Bula bula Hülya Avşar’ı mı buldunuz saldıracak

Altın Portakal sanatsal bir etkinlik! İyi. Anladık! Ne yapıyorlar Antalya’da? Türk filmlerine elinde sarı pirinçten yapılma portakal tutan bir kadın heykelciği veriyorlar. En iyi oyunculara, yardımcı oyunculara, yönetmenlere falan da veriliyor bu heykellerden. Ve tabi bir de jürisi var. Bu yıl da jüriye Hülya Avşar seçilmiş Jüri Başkanı olarak. Hülya’nın yanına sinemayla değil de sahne ve televizyonla daha bir haşır neşir kişiler oturtulmuş jüri koltuklarına. Gerek bu üyelerin kimileri gerekse de sinema bilgileri kendilerinden menkul kişiler Hülya’yı yerden yere vurup “Ne anlar o sinemadan!” gibi abuk subuk laflar ediyorlar ki resmen akıllara ziyan. Hele de “O AKP’li; ne işi var jüride!” demek saçmalığın en kocamanı!

Hülya hiçbir eğitim görmemiş olmamasına rağmen, Türk sinema tarihinin belki de en iyi kadın oyuncularından biridir. Sağ olsaydı da Halit Refiğ anlatsaydı size Hülya’nın nasıl usta bir oyuncu olduğunu! Tamam kötü bir şarkıcıdır, tamam magazin gazetelerinden boy boy resim verir, tamam bilmediği, anlamadığı konularda ahkam kesmek gibi bir huyu vardır. Ama sinema için bir şey yapmadığını söylemek resmen cahilliktir. Dönün 1983 yılına. Karanfilli Naciye’den Haram’a; Çelik Mezar’dan Ömrümün Tek Gecesi’ne kadar altı film çekmiştir. Hemen bir yıl sonra Ayşem, Mavi Mavi, Tele Kızlar, Nefret gibi yedi film gelir.

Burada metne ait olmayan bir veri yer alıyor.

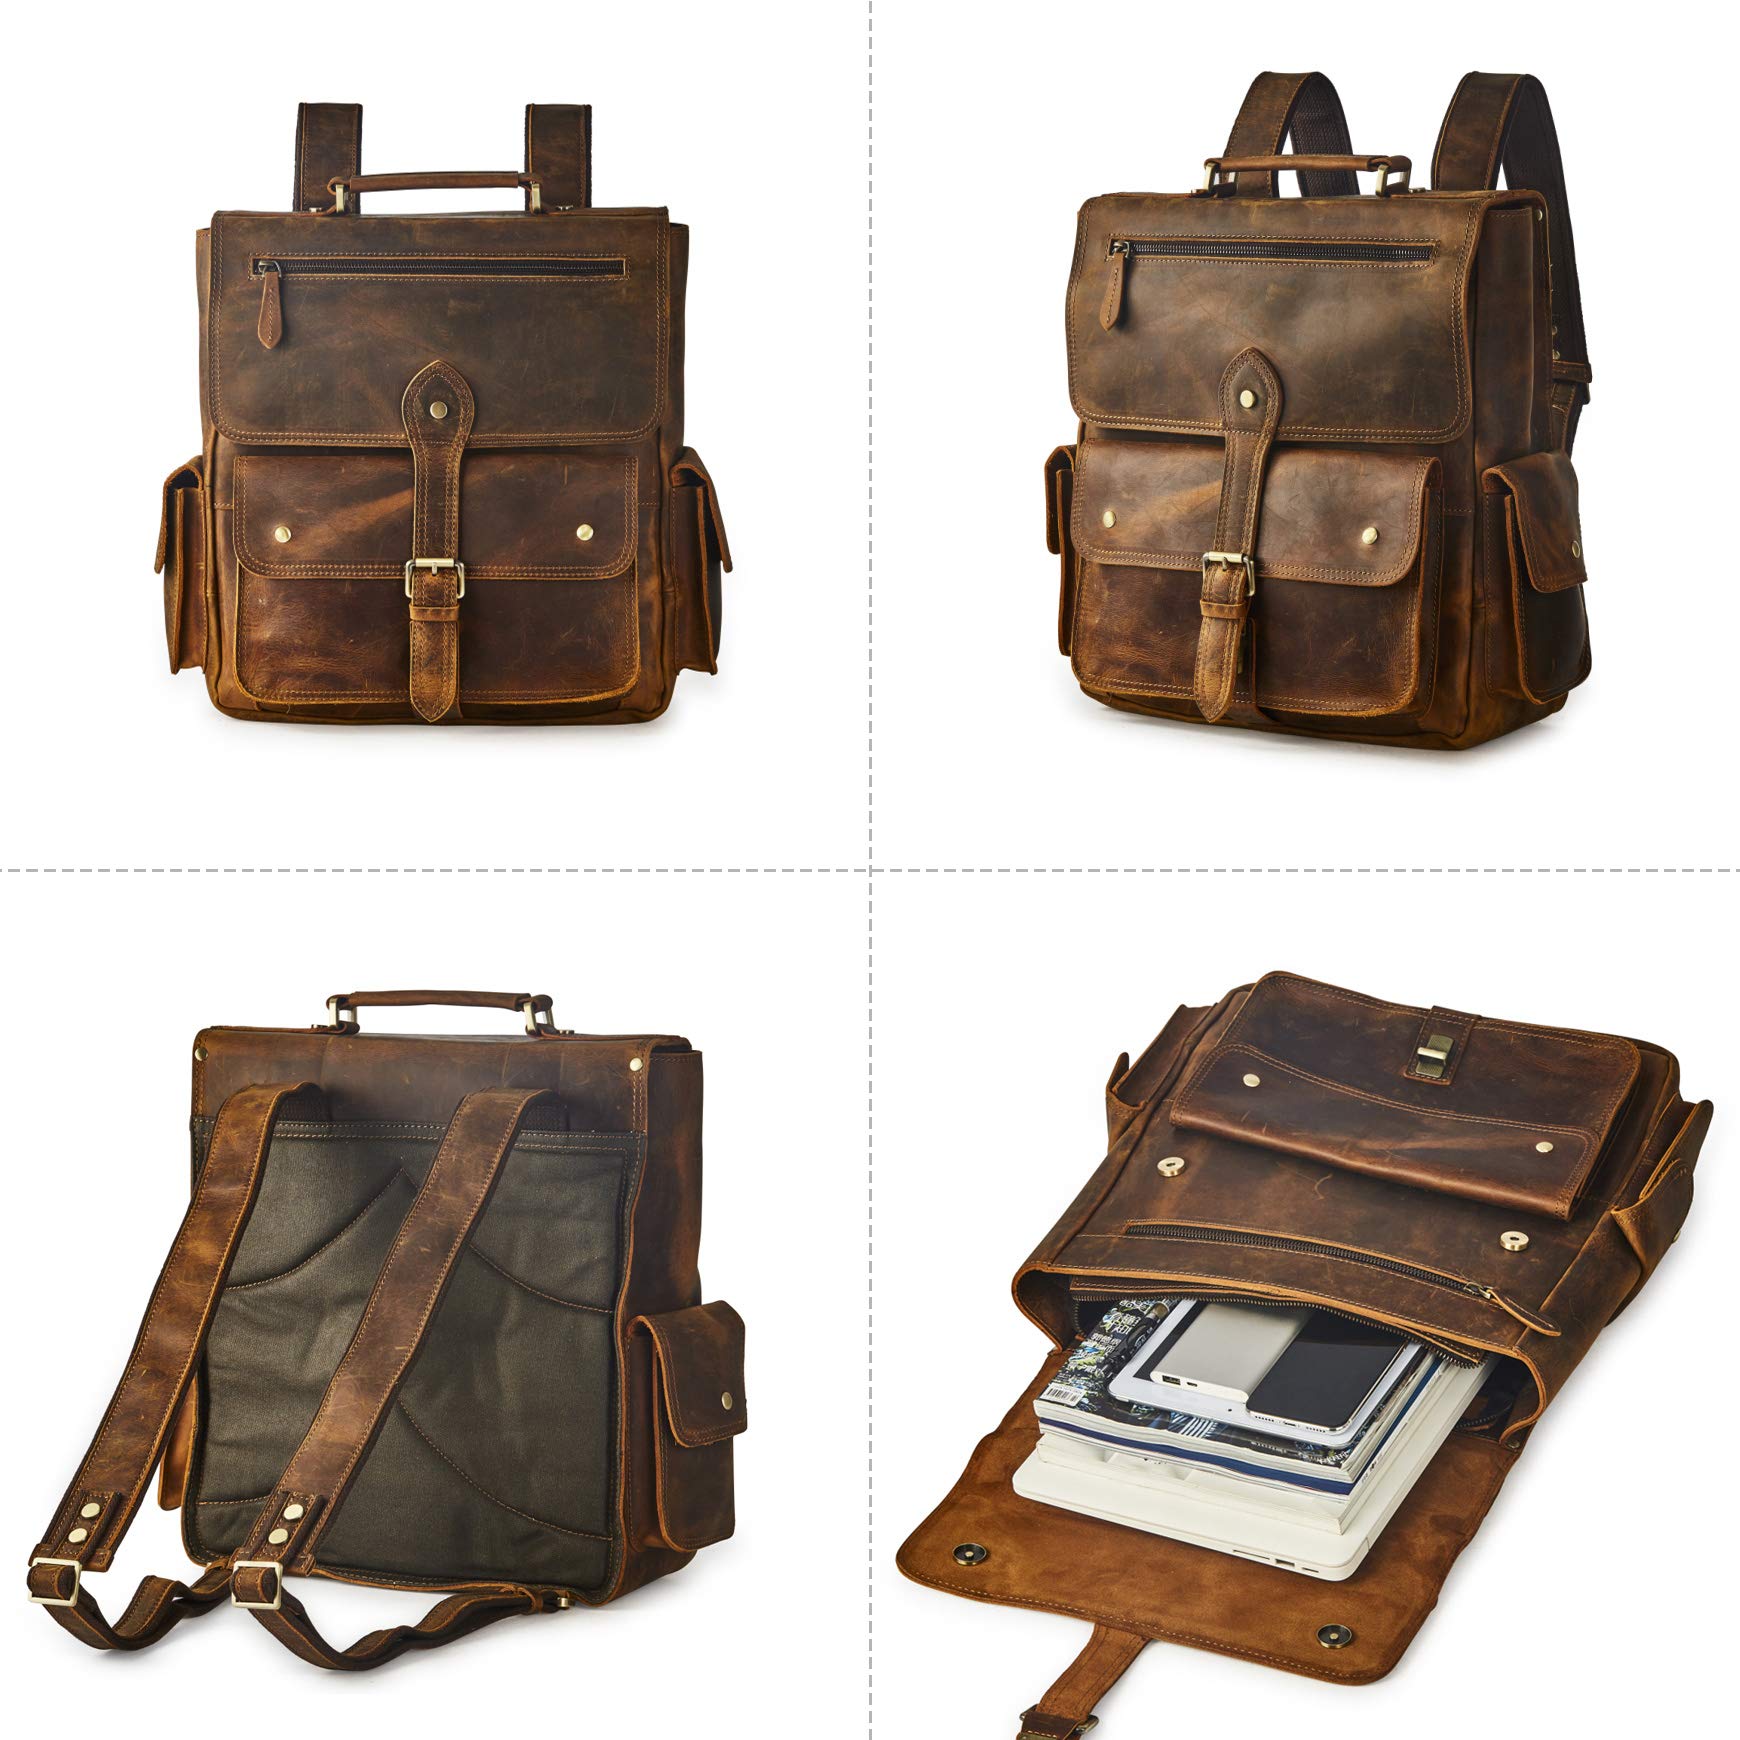 BRASS TACKS Leathercraft Backpack for Men Women Vintage Full Leather Rucksack Laptop Casual Travel Daypack

Bugün herkesin ayıla bayıla izlediği Fatmagül’ün Suçu Ne adlı filmi çekmiş sekiz filmle birlikte 1985 yılında. Sonraki yıllarda otuz filme imza atmış.

Aralarında Perihan Maden’in İki Genç Kız’ı, 6-7 Eylül olaylarını anlatan, Yılmaz Karakoyunlu’nun romanından uyarlanan Salkım Hanım’ın Taneleri, Yavuz Özkan’ın Bir Kadının Anatomisi, Türk öykücülüğünün en önde gelen isimlerinden Firuzan’ın müthiş hikayesi Benim Sinemalarım gibi başyapıtların altında da imzası var Hülya’nın oyuncu olarak. Ha bu arada Sinan Çetin’in Berlin in Berlin’ini de unutmayalım.

***

Peki arkadaş, bir sanatçı daha başka sinemaya nasıl katkıda bulunur! Taksim’de yürüyüşe katılır, Beyoğlu’nun arka sokaklarında kafa çekip masalarda sızarsa mı “aydın” yaftası yapıştırılır göğsüne; sinemacı yazılır alnına! Bunca sinema filmi, Acun’un abuk Amerikan televizyonlarından apartma programlarında jüri üyesi olduğu, kötü şarkı söylediği için mi yok sayacaksınız Hülya’nın sinemacılığını? Türkiye’de kitap kapaklarının arkasında yazanları okuyarak edebiyat eleştirmeni, basın bülteninden yazı çıkararak sinema uzmanı, ya da birilerinin dedikodusunu yazarak “aslında herkes kötü, ben iyiyim” zırvalarını karalayanlar köşe yazarı olabilirken, bunca filmde oynayan, çok ama çok iyi bir oyuncu olan Hülya Avşar mı jüri başkanı olamıyor! Bu kadar nitelikli filmleri Türkiye’de değil de Patagonya’da çekseydi, Cannes Film Festivali’ne Jüri Başkanı seçilseydi, kimin gıkı çıkardı? Kimsenin!

En iyi erkek oyuncu ödülünü Tanju Gürsu’nun alıp da en iyi yardımcı ödülünün Haluk Bilginer’e verildiği, koca Cüneyt Arkın’la Güven Kıraç’ın barda küfür kıyamet kavga ettiği Altın Portakal’a , Oscar gibisinden bir önem atfedilmesi de neyin nesi ola! Uzun lafın kısası arkadaş, yapan da, eleştiren de hep aynı kişilerdir. Ve bunların hiçbiri sinema dendi mi, Hülya Avşar’la aynı ligde bile değildir anlaşıldı mı!